There is almost always something sexy in her columns. The feminists, and post-feminists, forgive her for that, as every woman seems to read her. Today, the something sexy is San Francisco mayor Gavin Newsom. Dowd met with him, and he explained why he is stepping away from politics. He revealed his distaste for aspects of his party. He dodged criticizing the President by actively dodging criticizing the President. He allowed Dowd to reference a political issue (same-sex marriage), a political phenomenon (parties often eat their fine young), and a contemporary, cultural apolitical loadstone (the original Lifetime movie).
Dowd is sui generis. We love her wit. We love her for being a woman on the Times Op-Ed Page who does not write often about women’s issues. And perhaps last Sunday’s responses to Katie Roiphe, in another part of the Paper, are evidence that the more the post-feminist argument evolves, the more it stays the same.
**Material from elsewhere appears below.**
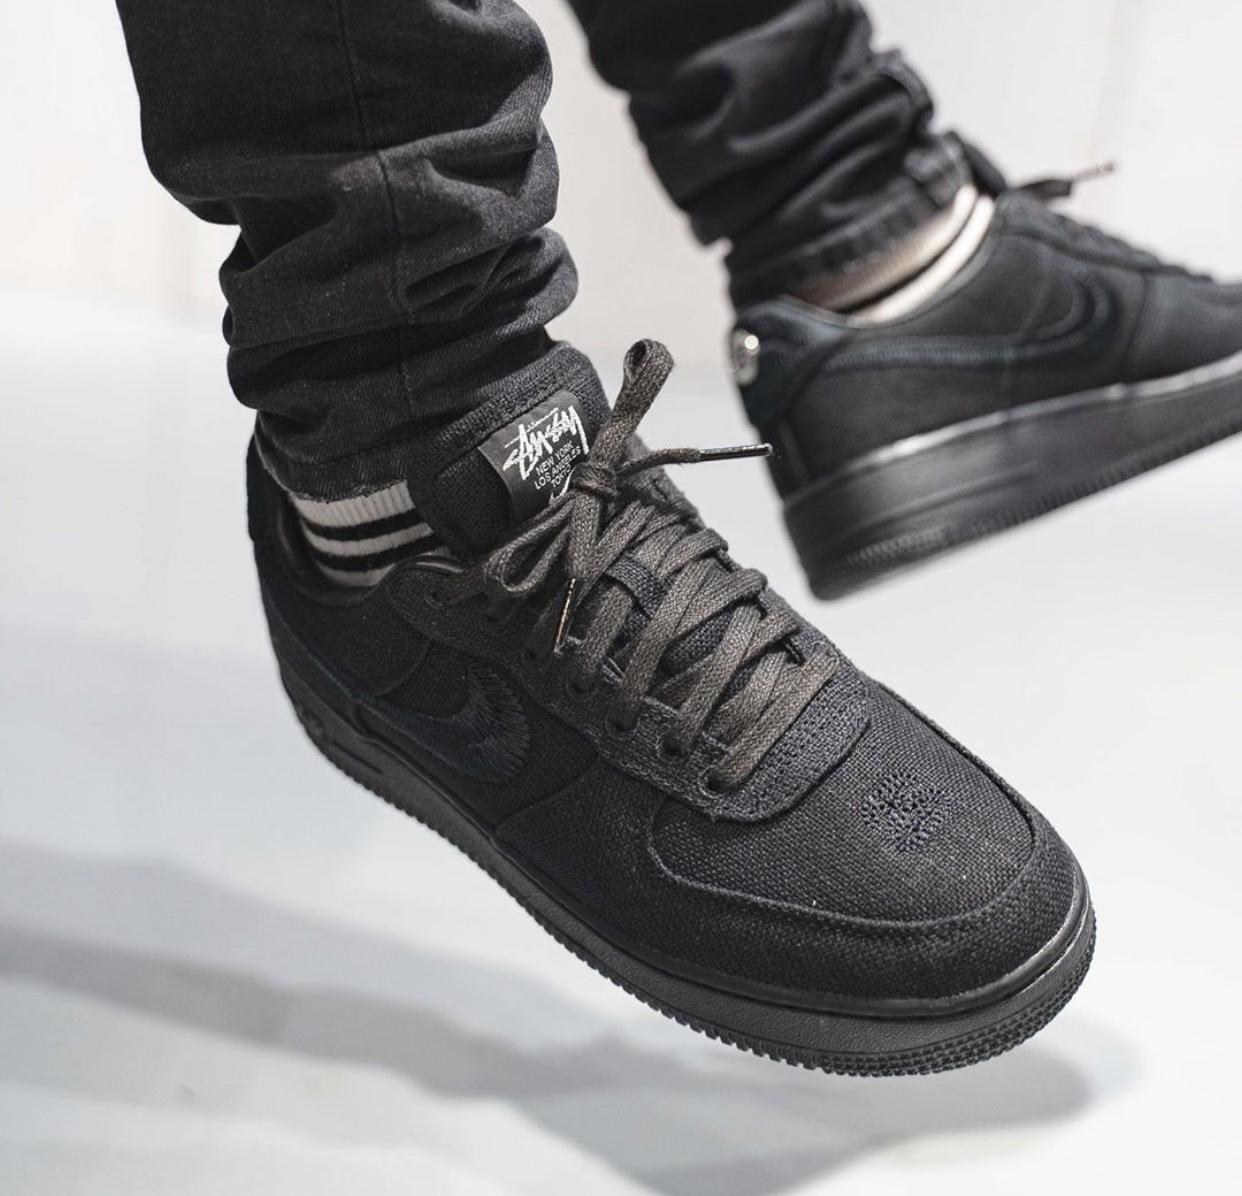 Stussy Nike Air Force 1 Low Black CZ9084-001 On Feet
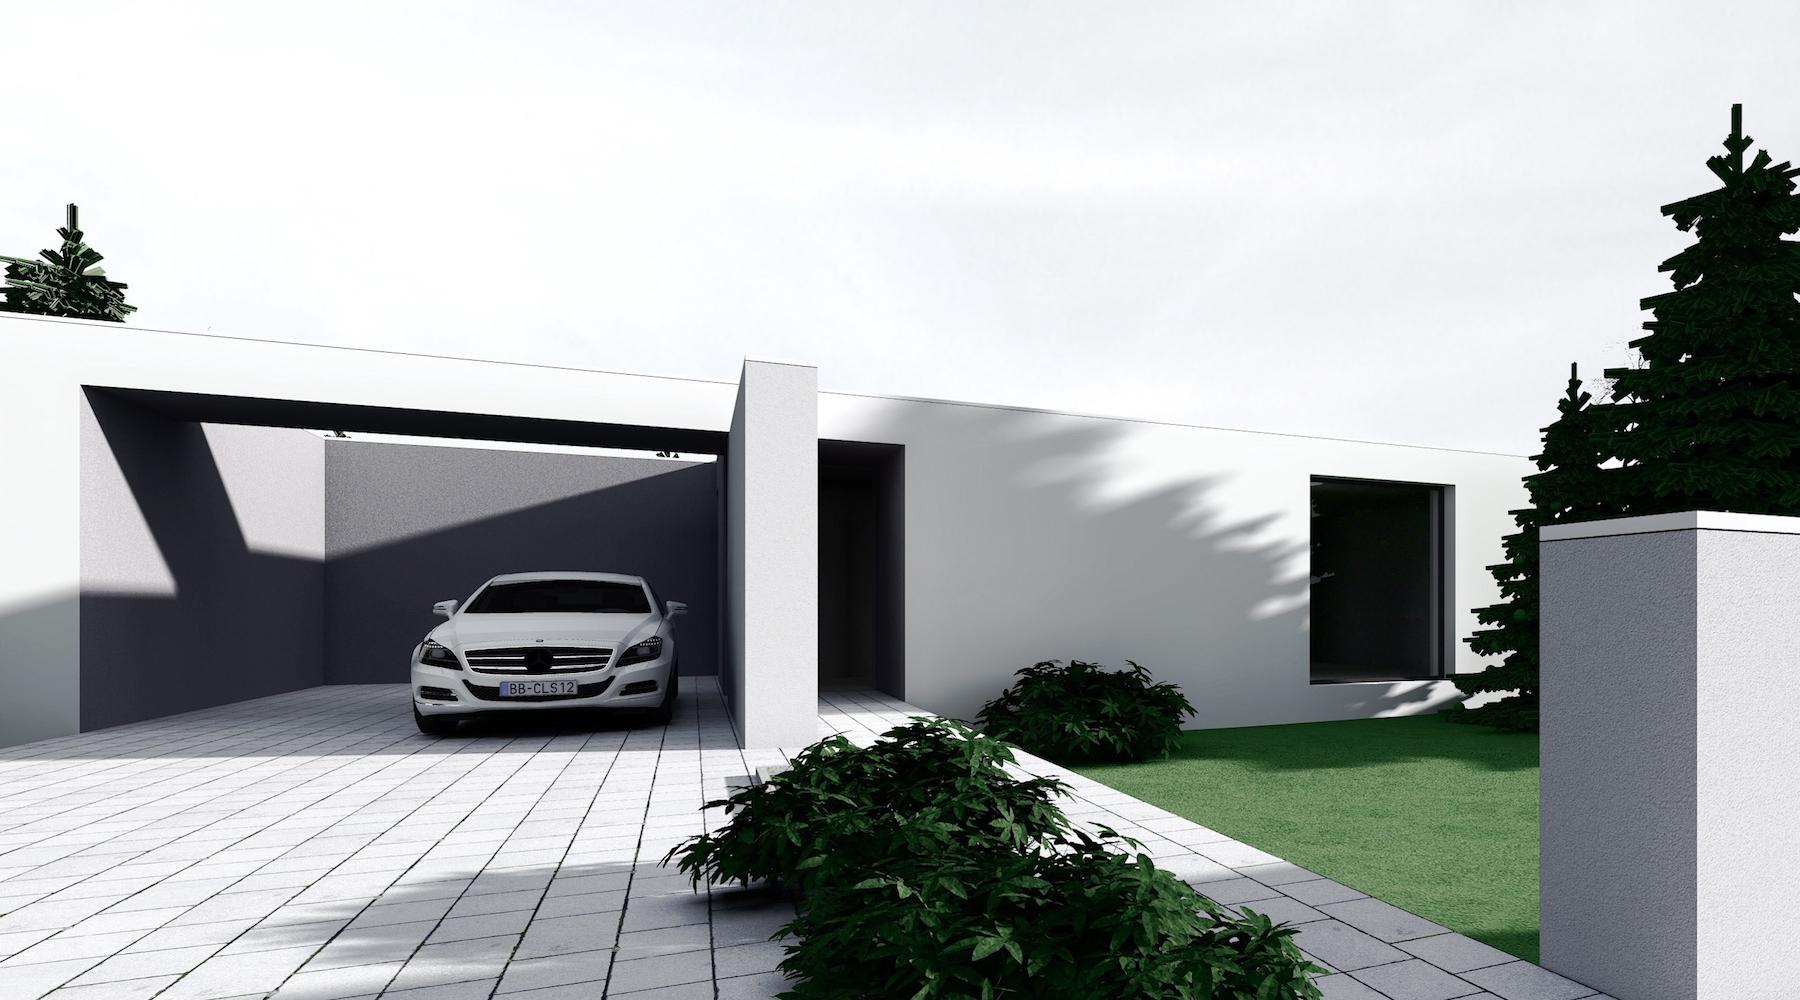 architekt_lodz_pv_house_inuti_03

Dowd has a greater game in mind. Rather than try and get inside women’s minds, Dowd prefers to regularly give us her view of what men in power think, and why they think it. While she takes on women occasionally (perhaps most memorably, Hillary, in the last election), when she sits down with men her column invariably becomes part psychologically profile, part news.
Dowd can say things like this:
Gavin Newsom still looks glossy, like someone who’d play J.F.K. in a Lifetime original movie.
But then she then backs it up with revelations like this:
“There were five of us,” he said, with a teasing nostalgia. “A guy named Obama. I’m like ‘Why is he in here? This is ridiculous. I mean, he’s a state senator. I’m kind of insulted.’ Life was really good, and then it came crashing down. ‘You’re not going to be speaking at the convention. We overbooked.’ And then it becomes the house of cards with the Democrats excusing themselves from visits to this city and being in the same room with me.
She doesn’t worry-bead the macro-analysis; she simply gives us character details and, in Newsom's case, a revealing disclosure at a moment when this message—there are young, talented politicians who are open about being disillusioned with politics as it's played—is relevant. It’s news.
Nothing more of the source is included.